Project description:Aims: Heart failure with preserved ejection fraction (HFpEF) is a multifactorial disease that constitutes several distinct phenotypes, including a common cardiometabolic phenotype with obesity and type 2 diabetes mellitus. Treatment options for HFpEF are limited, and development of novel therapeutics is hindered by the paucity of suitable preclinical HFpEF models that recapitulate the complexity of human HFpEF. Metabolic drugs, like Glucagon Like Peptide Receptor Agonist (GLP-1RA) and Sodium Glucose Transporter 2 inhibitors (SGLT2i), have emerged as promising drugs to restore metabolic perturbations and may have value in the treatment of the cardiometabolic HFpEF phenotype. We aimed to develop a multifactorial HFpEF mouse model that closely resembles the cardiometabolic HFpEF phenotype, and evaluated the GLP-1 RA liraglutide and a SGLT2i dapagliflozin. Methods&Results: Aged (18-22 months old) female C57BL/6J mice were fed a standardized chow (CTRL) or high fat diet (HFD) for 12 weeks. After 8 weeks HFD, Angiotensin-II (ANGII), was administered for 4 weeks via osmotic mini-pumps. HFD+ANGII resulted in a cardiometabolic HFpEF phenotype, including obesity, impaired glucose handling and metabolic dysregulation with inflammation. The multiple-hit resulted in typical clinical HFpEF features, including cardiac hypertrophy and fibrosis with preserved fractional shortening but with impaired myocardial deformation, atrial enlargement lung congestion, and elevated blood pressures. Treatment with liraglutide attenuated the cardiometabolic dysregulation and improved cardiac function, with reduced cardiac hypertrophy, less myocardial fibrosis, and attenuation of atrial weight, natriuretic peptide levels, and lung congestion. Dapagliflozin treatment improved glucose handling, but had mild effects on the HFpEF phenotype. Conclusions: We developed a mouse model that recapitulates the human HFpEF disease, providing a novel opportunity to study disease pathogenesis and development of enhanced therapeutic approaches. We furthermore show that attenuation of cardiometabolic dysregulation may represent a novel therapeutic target for treatment of HFpEF.

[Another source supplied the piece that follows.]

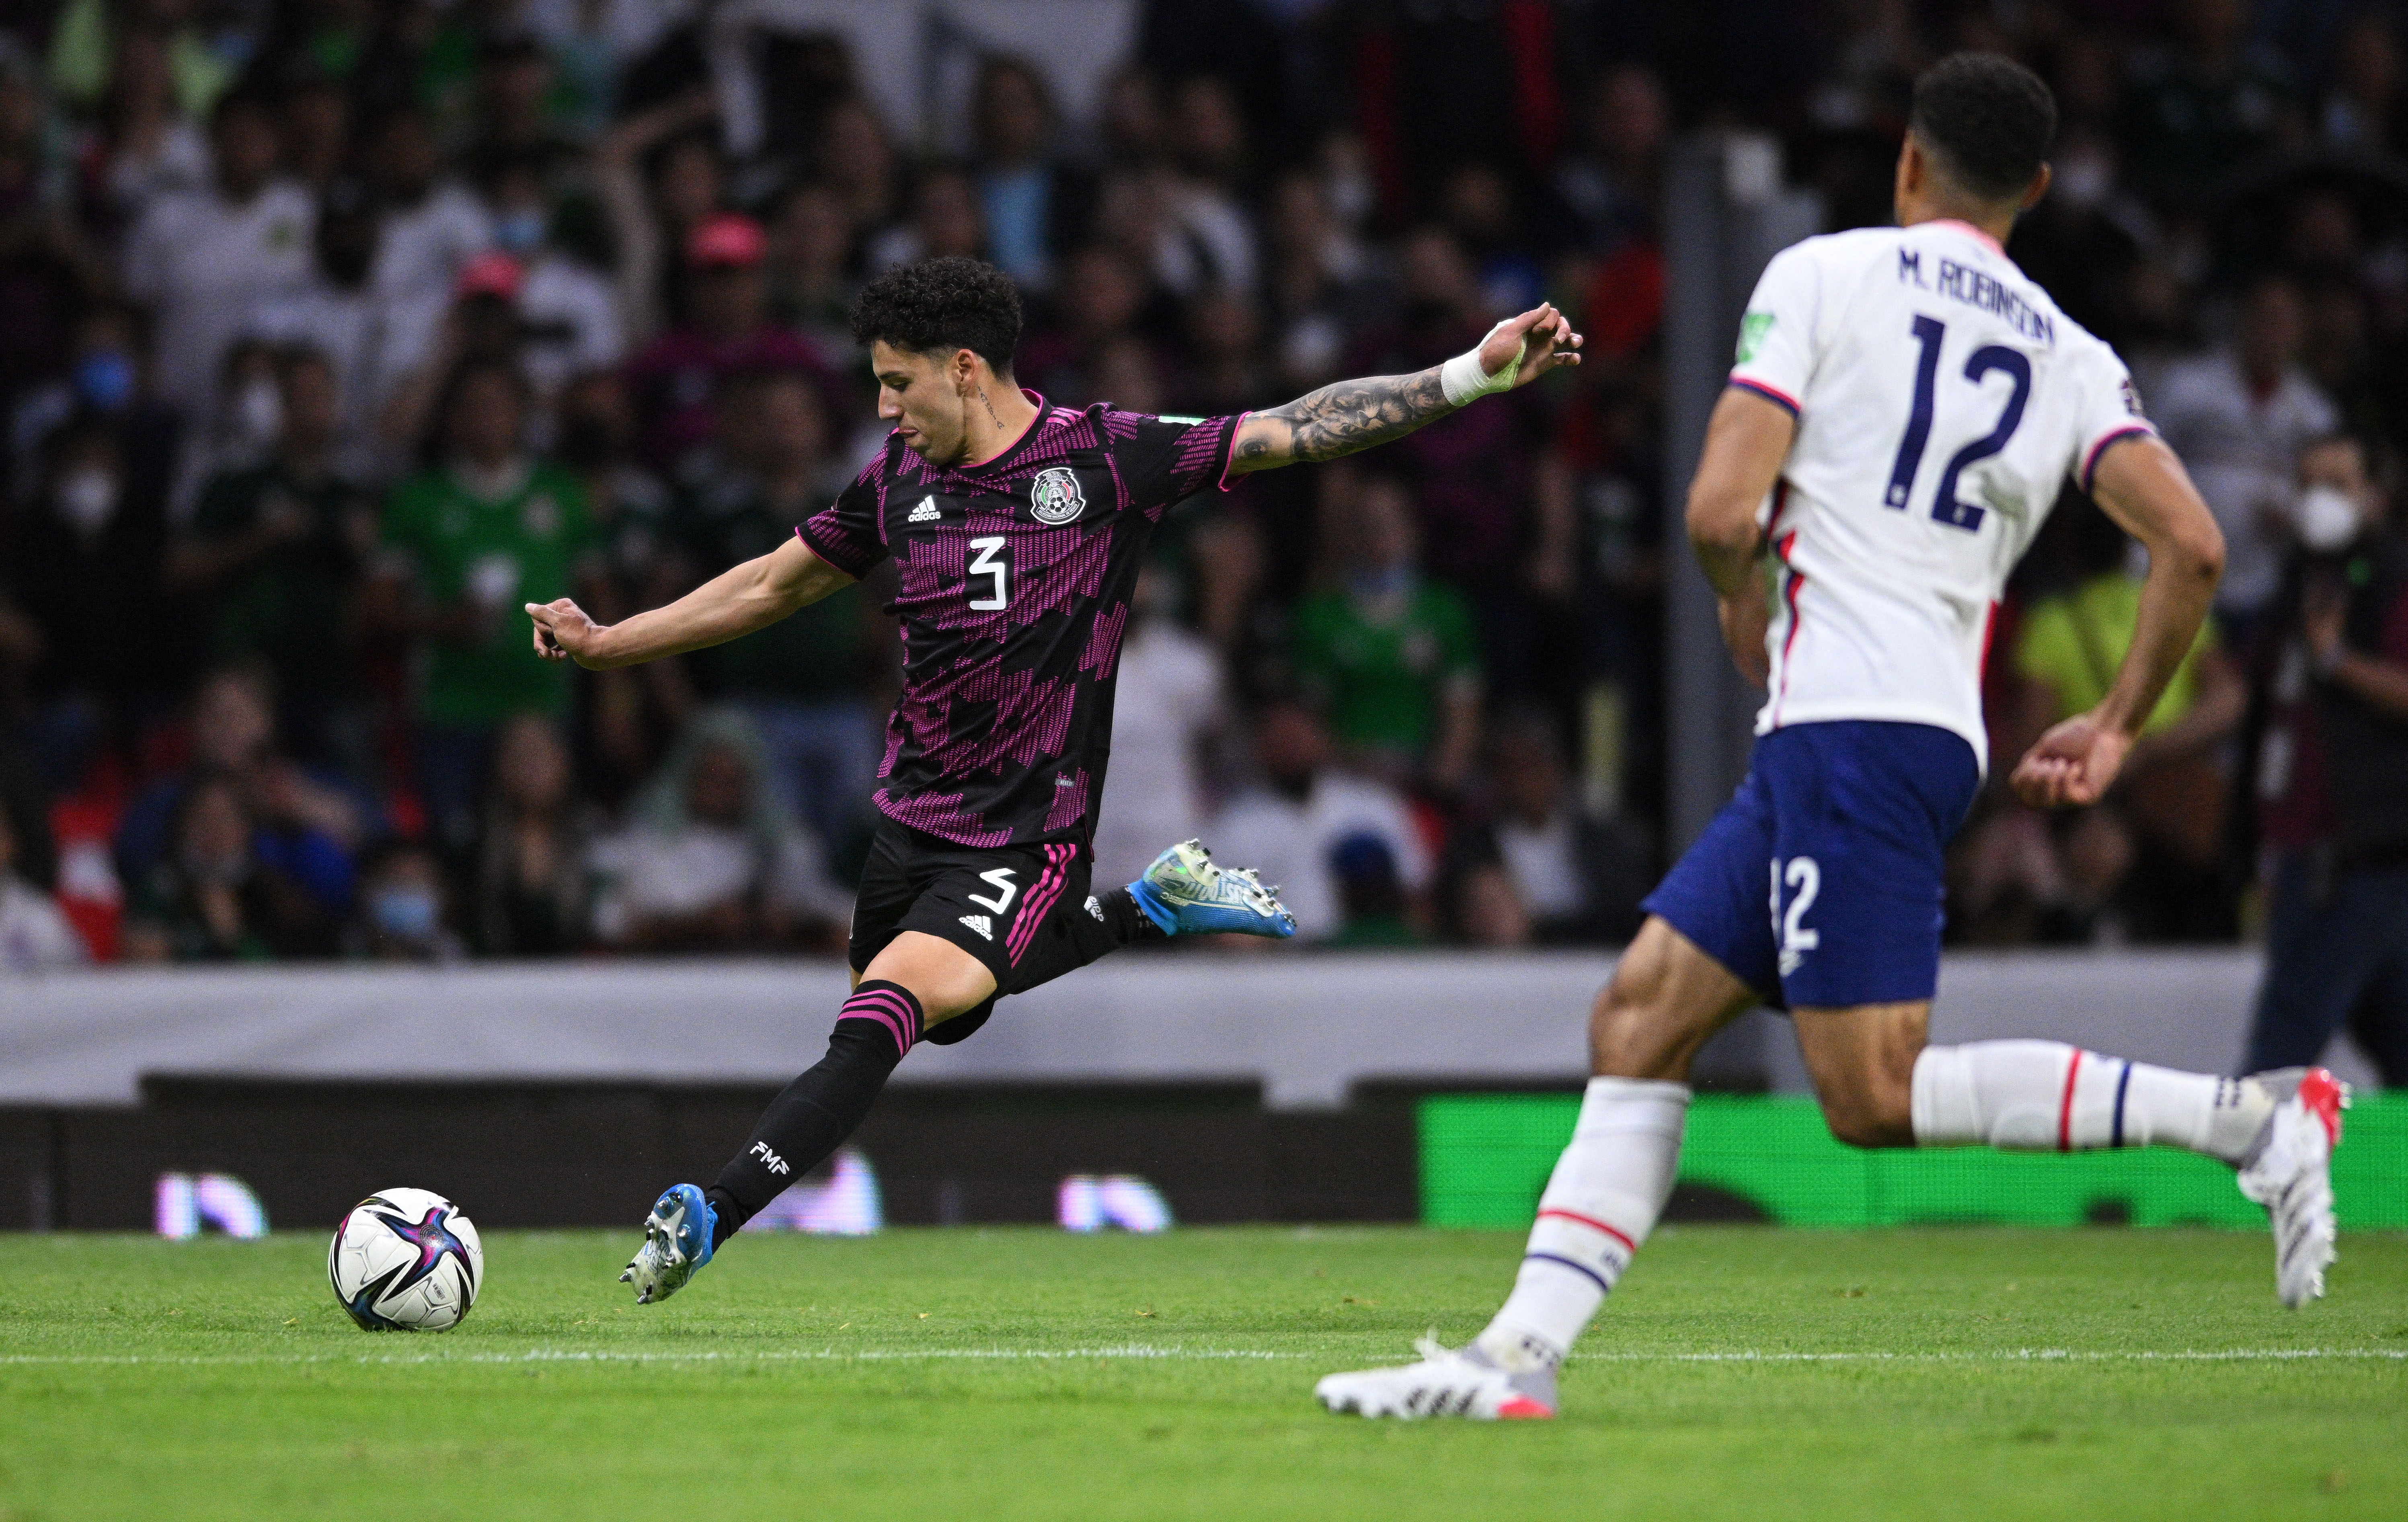 Mar 24, 2022; Mexico City, MEX; Mexico defender Jorge Sanchez (3) crosses a pass past United States defender Miles Robinson (12) during the first half during a FIFA World Cup Qualifier soccer match at Estadio Azteca. Mandatory Credit: Orlando Ramirez-USA TODAY Sports
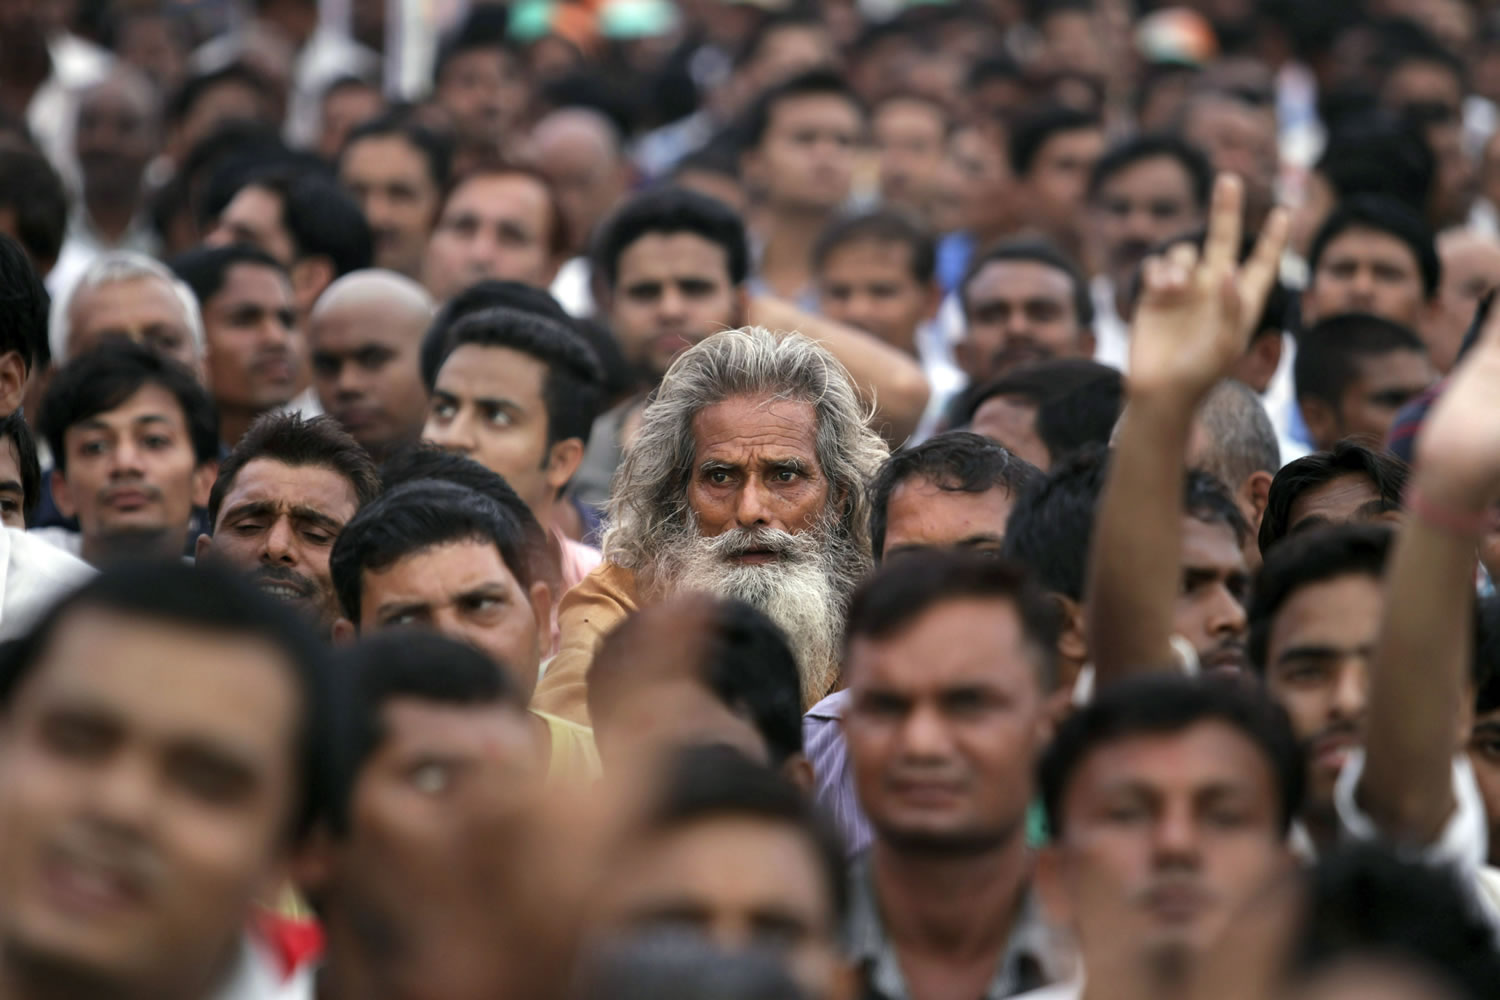 An elderly man listens to a speaker at a political rally in New Delhi.

Project description:Type 2 diabetes mellitus (T2DM) is a metabolic disease associated with several comorbidities, including cardiac dysfunction leading to heart failure with preserved ejection fraction (HFpEF), in turn resulting in T2DM-induced cardiomyopathy (T2DM-CM). However, the molecular mechanisms underlying the development of T2DM-CM are poorly understood. It is hypothesized that molecular alterations in myopathic genes induced by diabetes promote the development of HFpEF, whereas cardiac myosin inhibitors can rescue the resultant T2DM-induced cardiomyopathy. To test this hypothesis, a Leptin receptor-deficient db/db homozygous (Lepr db/db) mouse model was used to define the pathogenesis of T2DM-CM. Echocardiographic studies at 4 and 6 months revealed that Lepr db/db hearts started developing cardiac dysfunction by four months, and left ventricular hypertrophy with diastolic dysfunction was evident at 6 months. Strikingly, the level of cardiac myosin binding protein-C phosphorylation was significantly increased in Lepr db/db mouse hearts. RNA-seq data analysis, followed by functional enrichment, revealed the differential regulation of genes related to cardiac dysfunction in Lepr db/db heart tissues. Finally, using isolated skinned papillary muscles and freshly isolated cardiomyocytes, CAMZYOS (mavacamten, which is a prescription heart medicine used for symptomatic obstructive hypertrophic cardiomyopathy treatment (herein after denotes as MYK-461), was tested for its ability to rescue T2DM-CM. Compared with controls, MYK-461 significantly reduced force generation in papillary muscle fibers and cardiomyocyte contractility in the db/db group. This line of evidence shows that 1) T2DM-CM is associated with hyperphosphorylation of cardiac myosin binding protein-C and 2) MYK-461 significantly lessened disease progression, suggesting its promise as a therapeutic treatment for HFpEF.